One Year Service Cases
Kimberly v. Drilon (185 SCRA 190)
The law thus provides for two. kinds of regular employees, namely: (1) those who are engaged to perform activities which are usually necessary or desirable in the usual business or trade of the employer; and (2) those who have rendered at least one year of service, whether continuous or broken, with respect to the activity in which they are employed. The individual petitioners herein who have been adjudged to be regular employees fall under the second category. These are the mechanics, electricians, machinists machine shop helpers, warehouse helpers, painters, carpenters, pipefitters and masons It is not disputed that these workers have been in the employ of KIMBERLY for more than one year at the time of the filing of the Petition for certification election by KILUSAN-OLALIA.

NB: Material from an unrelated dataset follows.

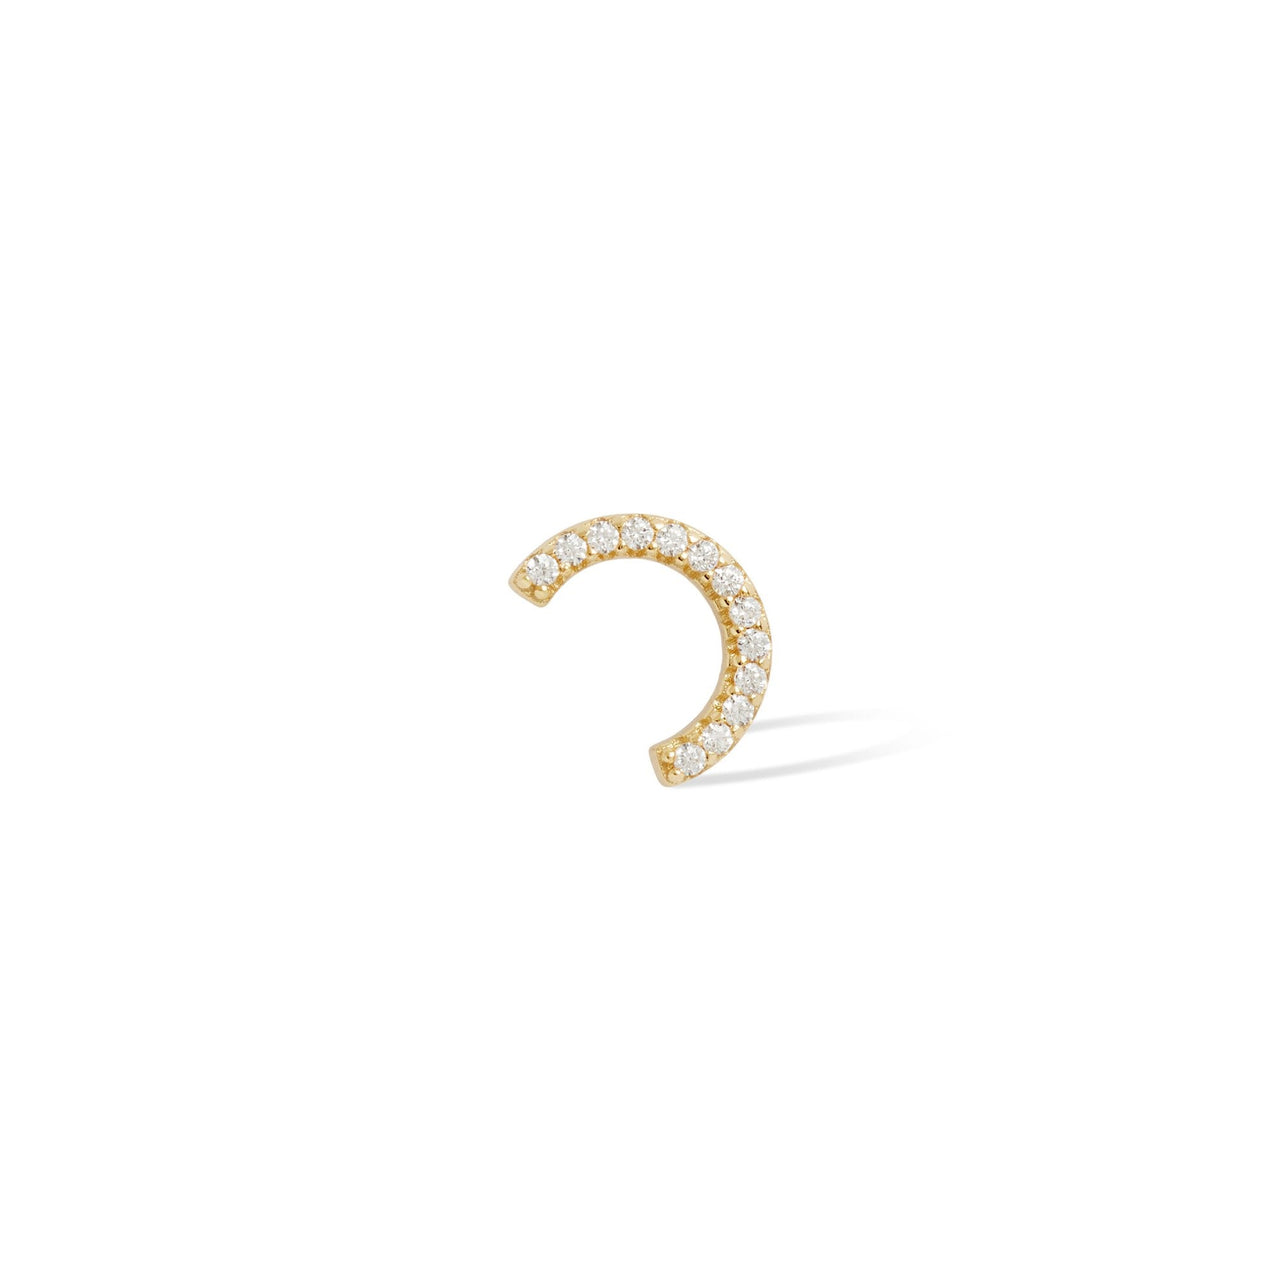 Single earring Half circle gold vermeil stud (ball screw)

Owing to their length of service with the company, these workers became regular employees, by operation of law, one year after they were employed by KIMBERLY through RANK. While the actual regularization of these employees entails the mechanical act of issuing regular appointment papers and compliance with such other operating procedures as may be adopted by the employer, it is more in keeping with the intent and spirit of the law to rule that the status of regular employment attaches to the casual worker on the day immediately after the end of his first year of service. To rule otherwise, and to instead make their regularization dependent on the happening of some contingency or the fulfillment of certain requirements, is to impose a burden on the employee which is not sanctioned by law.
That the first stated position is the situation contemplated and sanctioned by law is further enhanced by the absence of a statutory limitation before
regular status can be acquired by a casual employee. The law is explicit. As long as the employee has rendered at least one year of service, he becomes a regular employee with respect to the activity in which he is employed. The law does not provide the qualification that the employee must first be issued a regular appointment or must first be formally declared as such before he can acquire a regular status. Obviously, where the law does not distinguish, no distinction should be drawn.
San Miguel Corporation v. Abella (461 SCRA 392)
The law of course provides for two kinds of regular employees, namely: (1) those who are engaged to perform activities which are usually necessary or desirable in the usual business or trade of the employer; and (2) those who have rendered at least one year of service, whether continuous or broken, with respect to the activity in which they are employed.
As for those of private respondents who were engaged in janitorial and messengerial tasks, they fall under the second category and are thus entitled to differential pay and benefits extended to other SMC regular employees from the day immediately following their first year of service.
Integrated Contractor and Plumbing Works Inc. v. CA (464 SCRA 544)
While the actual regularization of these employees entails the mechanical act of issuing regular appointment papers and compliance with such other operating procedures as may be adopted by the employer, it is more in keeping with the intent and spirit of the law to rule that the status of regular employment attaches to the casual worker on the day immediately after the end of his first year of service. To rule otherwise, and to instead make their regularization dependent on the happening of some contingency or the fulfillment of certain requirements, is to impose a burden on the employee, which is not sanctioned by law.
7.06 Contract—Fixed Period Tests Validity
Cases
Brent School v. Zamora (181 SCRA 702)
"Where from the circumstances it is apparent that periods have been imposed to preclude acquisition of tenurial security by the employee, they should be struck down or disregarded as contrary to public policy, morals, etc."